The truth is widely understood and occasionally practiced: sweetness and light is generally paid for in sweat, and meditative detachment is born of the will to fight with a convert’s zeal. “Hoofing,” as Glover calls his serious make of tap, braids interdependent strands of ebullience and spiritual calm. His collaboration with the legendary Tyner dates to their sessions at the Blue Note in 2004 (originally conceived by Jill Newman). After their one-night stand at Aaron Davis Hall in March, the chance to catch them back at work in more immediate confines should not be missed.

These are men of quests personal, mystical and historical.
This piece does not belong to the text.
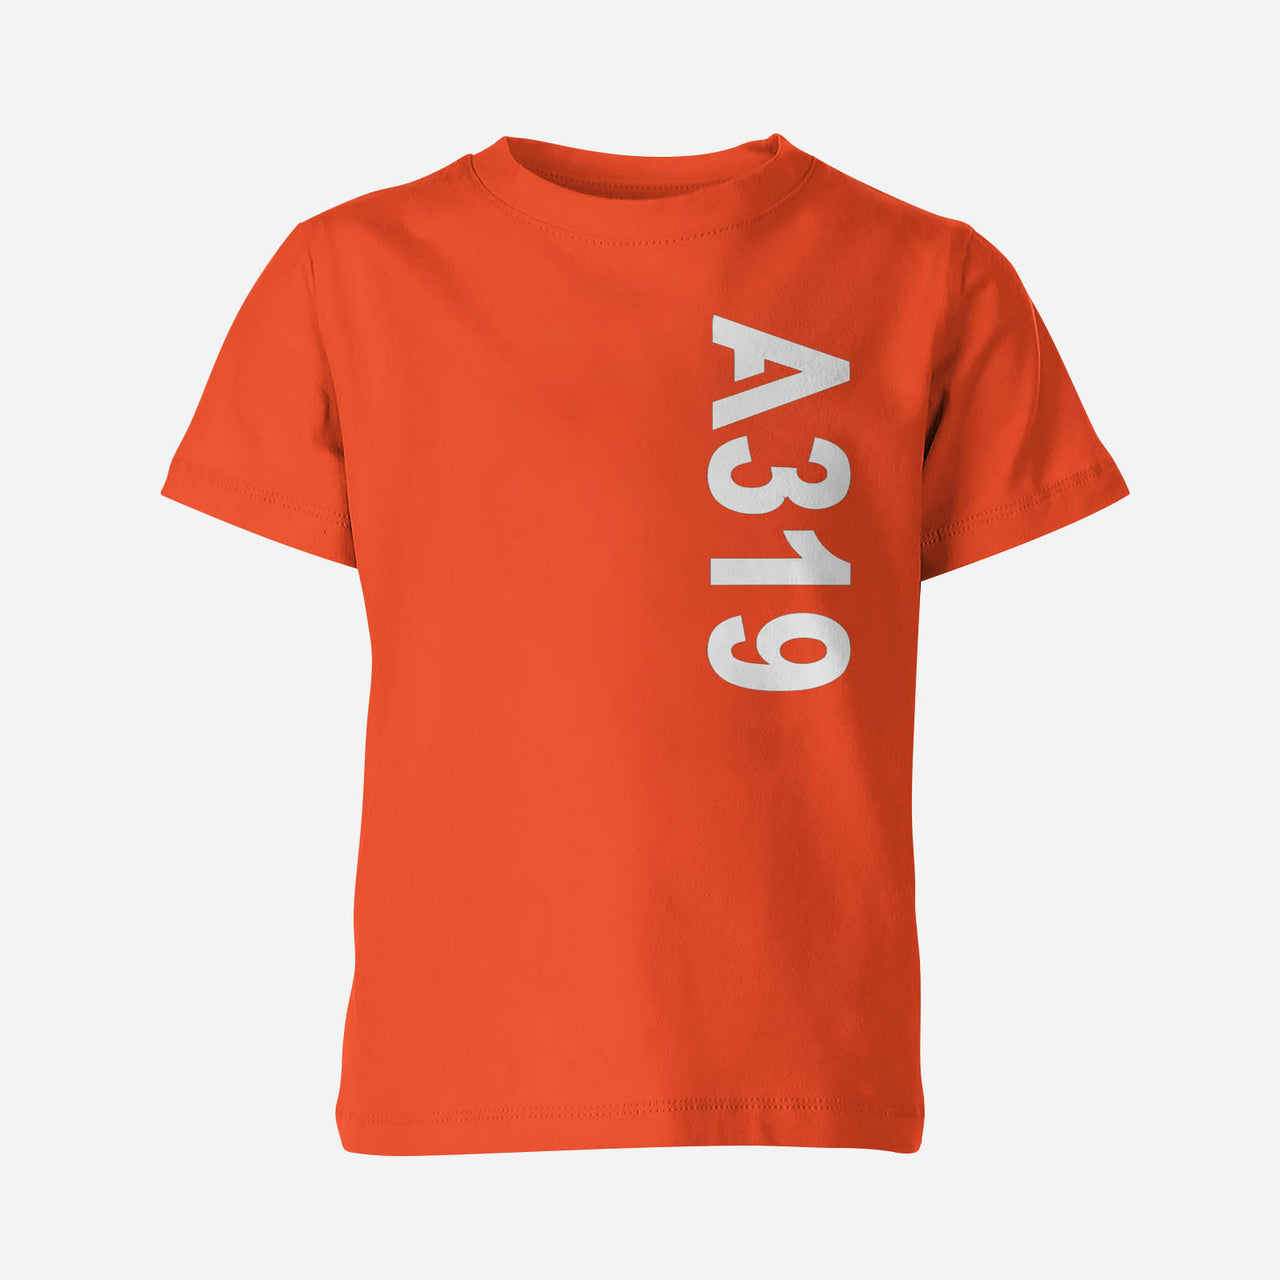 A319 Side Text Designed Children T-Shirts

In Noise/Funk, Glover wrapped his feet around nothing less than the entirety of the black experience on the North American continent. From the haunting portrayal of a man in shackles to a bit of agitprop showing that even Amex Gold won’t stop cabs from whizzing past well-dressed fares in Harlem, Glover’s shoes transmuted the political into the personal with mysterious force.

For anyone eavesdropping from Mars (or, I suppose, Montauk), Tyner is the pianist whose hammers helped clear the aisles to the altar on A Love Supreme, John Coltrane’s musical redemption from long years of drug and alcohol dependency.  Since standing in with the iconic Coltrane and muscular prophets like Elvin Jones, the drummer in Coltrane’s quartet, Tyner has continued to emphasize the percussive aspects of his own instrument.

But Tyner’s own sense of quest also persists in his piano’s strings. In explorations like Revelations (1988) and Soliloquy (1991), the highest and brightest windows are framed by arches of harmonic stone. Teaming Tyner with Glover thus makes for a rhythms-forward storytelling duo that breathes and beats the shutters like the hundred-year storm that it is.

Fame, fortune and glimpses of paradise don’t seem to have spoiled or softened either man: giant steps come from pounding strides as much now as in Coltrane’s day. If encountering Glover and Tyner in close quarters doesn’t forever enliven the patter of your own stretch of sidewalk, call me. I’ll personally come by the Blue Note and knock you off your chair.


May 9-14. Blue Note, 131 W. 3rd St. (at 6th Ave.), 212-475-8592; 8 & 10:30, $30-$45.